The near-certainty of attorney general nominee Alberto Gonzales's confirmation to head the Justice Department (news - web sites) adds urgency to an independent probe of abuses of detainees, Roth said.
As White House counsel, Gonzales issued a legal opinion to Bush saying terrorists captured overseas by Americans do not merit the human rights protections of the Geneva Conventions. He also said at confirmation hearings last week that he was sickened by accounts that American officials tortured prisoners at Abu Ghraib.
"We can no longer have any confidence that a genuine independent investigation can be launched by the Justice Department," Roth said.

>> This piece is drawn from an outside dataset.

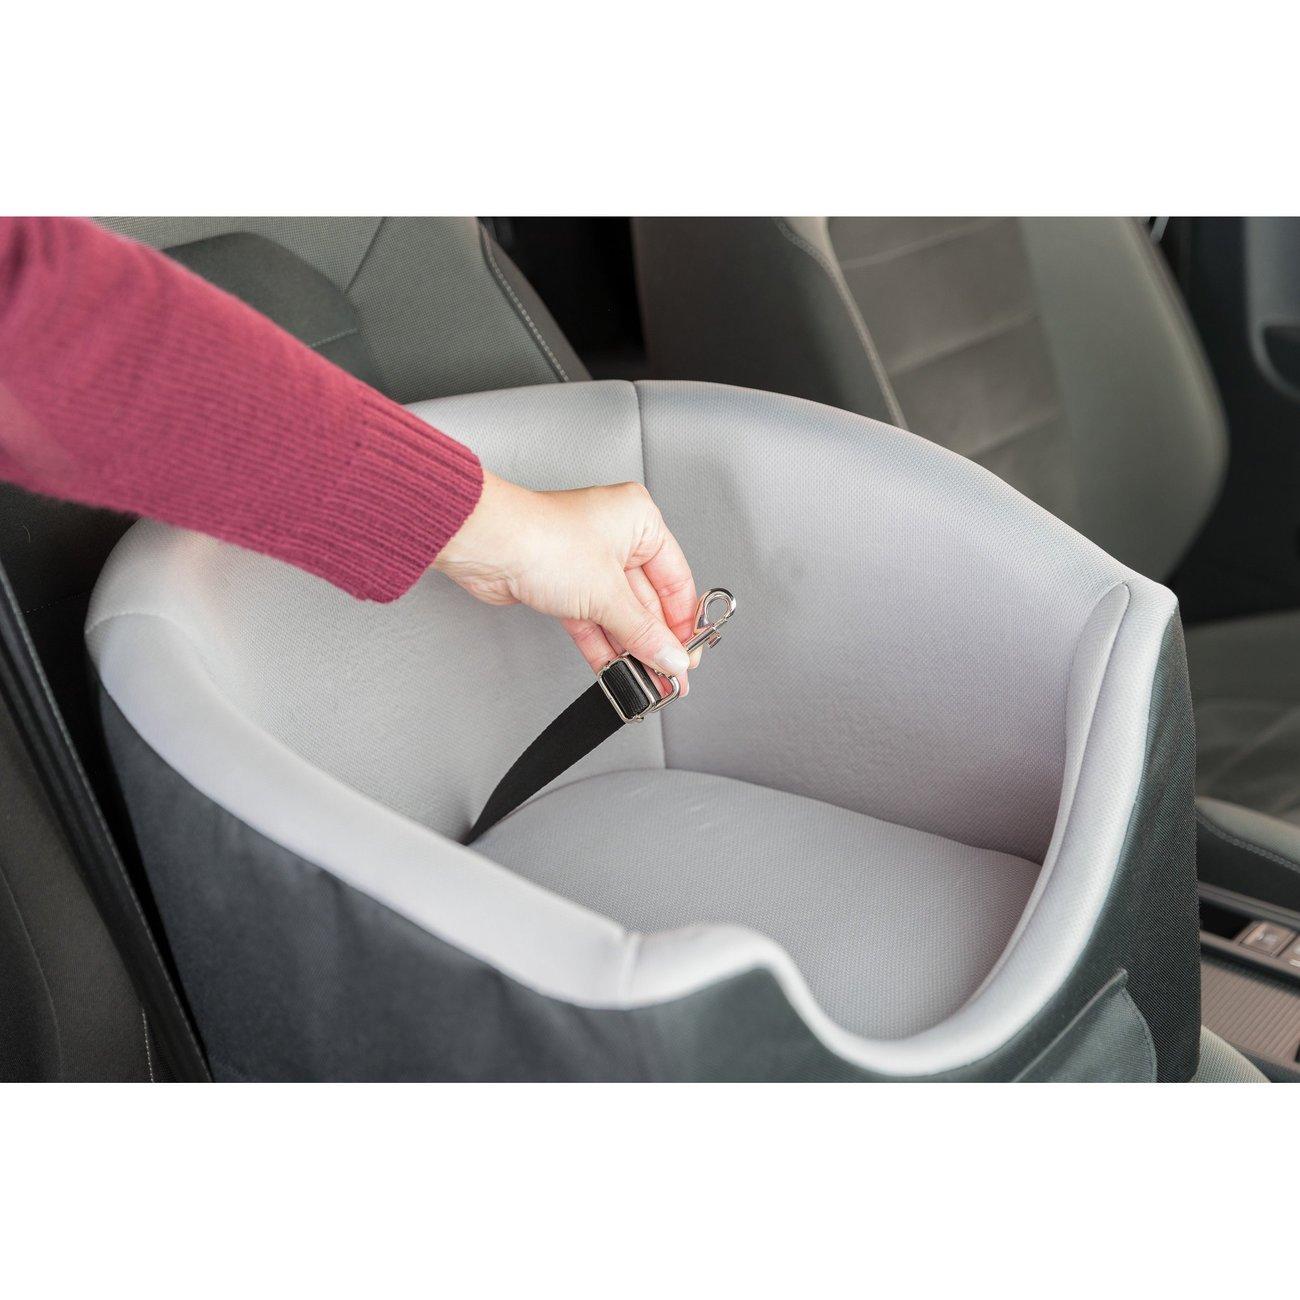 TRIXIE Autositz für kleine Hunde bis 8 kg 13176, Bild 15
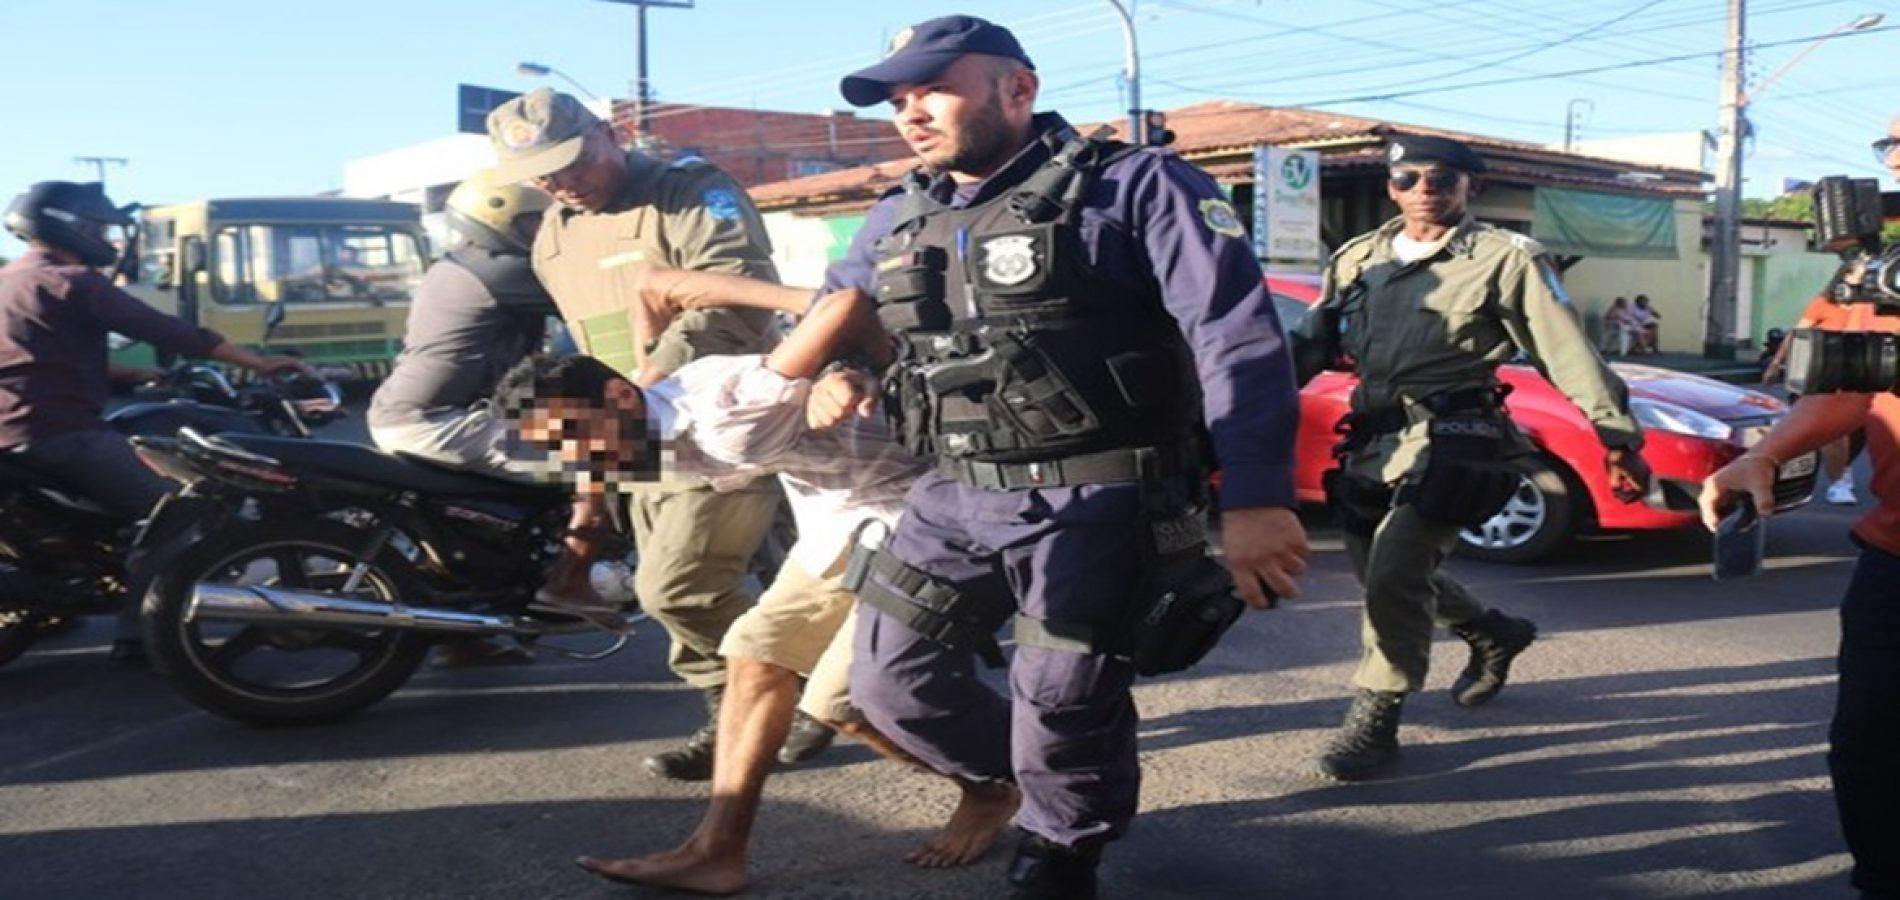 Jovem é preso após jogar bolo no prefeito durante comemoração do aniversário de Teresina

At stake is the United States' credibility as world leader on human rights and in the fight against terrorism, he said.
The report cited two matters as posing "fundamental threats to human rights" around the world:
_treatment of the detainees.
_ethnic cleansing in Darfur, Sudan, in which tens of thousands have died and millions displaced in a civil war.
Human Rights Watch said the United Nations (news - web sites) or "any responsible group of governments" should deploy a force to protect the civilian population and create secure conditions for people to return home.
"Continued inaction risks undermining a fundamental human rights principle: That the nations of the world will never let sovereignty stand in the way of their responsibility to protect people from mass atrocities," Human Rights Watch said.
"The vitality of human rights defense worldwide depends on a firm response to both of these threats," Human Rights Watch concluded.
Elsewhere in the more than 500-page report, the group said there is growing evidence of conflicts between religious communities and the human rights movement, and a backlash against movements for the rights of sexual minorities. Human Rights Watch argues against "efforts in the name of religion, tradition, or morals to censor expression or limit the behavior of others."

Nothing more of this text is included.